TRANSCRIPT NOT REVIEWED
ITALY, 1921
AGE 16
SHIP NAME NOT RECORDED
ORAL HISTORIAN'S NOTE: Funding for this transcript, one of many interviews conducted with Italian and Sicilian women, was generously provided by interviewee Elda Del Bino Willitts, EI-8. Paul E. Sigrist, Jr., Director of Oral History, 8/14/1997.
Okay. Today is March 25, 1996. I'm here in The Bronx, right near Westchester Square, at the home of Incoronata De Vito.
DE VITO:That's right.
LEVINE:She came to this country from Italy in 1921 when she was sixteen years of age.
DE VITO:More or less, yes.
LEVINE:And today Mrs. DeVito is ninety years of age, and looks terrific. ( they laugh )
DE VITO:Would you ever believe I have all my teeth?
LEVINE:( she laughs ) Really?
DE VITO:Would you?
LEVINE:Yeah, I believe it. Yeah.
DE VITO:You want to believe when my father died? My father died, he was one hundred and a half years of age.
LEVINE:Really?
DE VITO:I was there, and on the birthday my sister and I went to see him.
LEVINE:Oh, wonderful. Okay. Well, I'm really looking forward to whatever you can remember.
DE VITO:Yes.
LEVINE:Anything you can remember, any stories of things that happened to you, anything.
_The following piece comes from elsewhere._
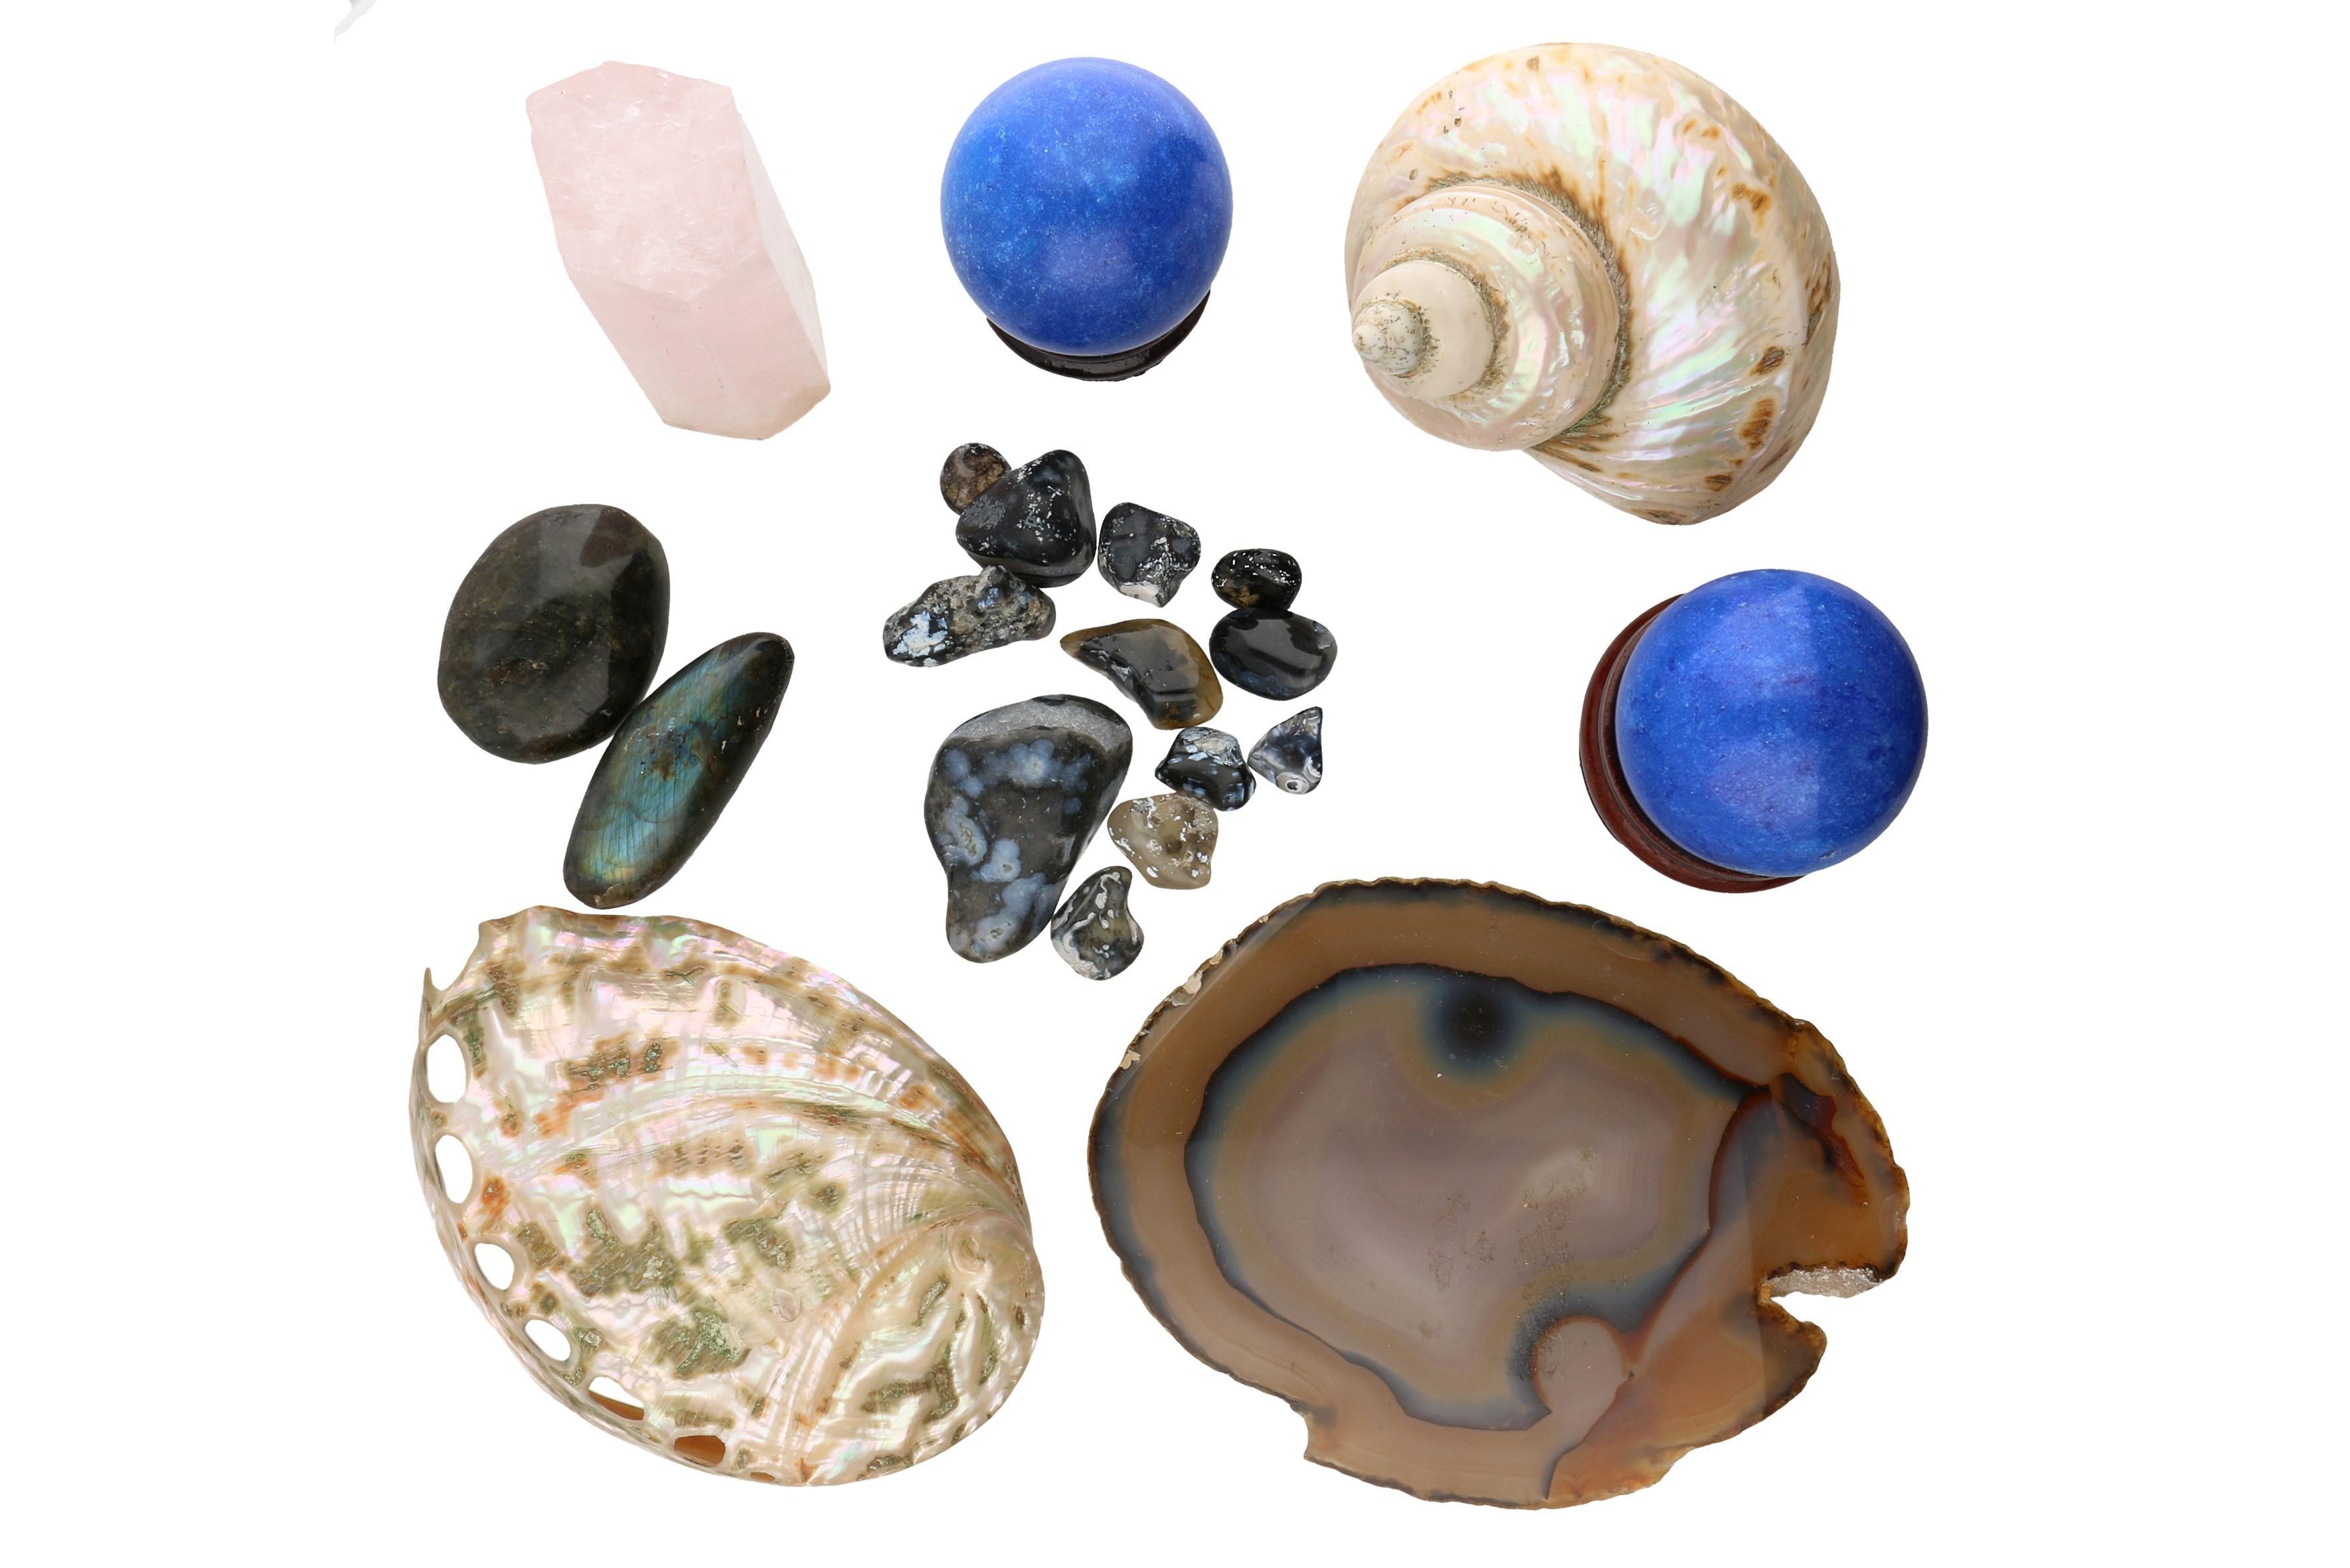 Polished Stones and Mollusk Shells

I'll ask the big questions.
DE VITO:All right.
LEVINE:And you fill in whatever you can remember. Okay. Let's start at the beginning. If you would say for the tape your birth date and where in Italy you were born. Let's see, your birth date, you told me before. July 22, 1905.
DE VITO:'05, yes.
LEVINE:And say for the tape where you were born.
DE VITO:Lurolugana[ph]. Lurolugana[ph], provincia de Tensa[ph].
LEVINE:And when you, when you think of Lurolugana, what do you remember about it?
DE VITO:I remember everything. I had a good life.
LEVINE:Was it a big town? Was it a village?
DE VITO:It's pretty big. Not that small, no. I think, for a small town, I think it was almost three thousand.
LEVINE:Oh.
DE VITO:That's not small.
LEVINE:And did you have a big family?
DE VITO:Uh, no. We have, my mother had a big family. She had seven children. I'm the youngest.
LEVINE:Oh. What was your mother's name?
DE VITO:Uh, Maria Antonia Cardone.
LEVINE:C-A-R-D . . .
DE VITO:Cardone.
LEVINE:O-N . . .
DE VITO:E.
LEVINE:E. Okay. And your father's name?
DE VITO:Giuseppe Barbieri.
LEVINE:Okay. And that's your maiden name, Barbieri.
DE VITO:Yes, that's right.
LEVINE:And, and your brothers and sisters, can you give me their names?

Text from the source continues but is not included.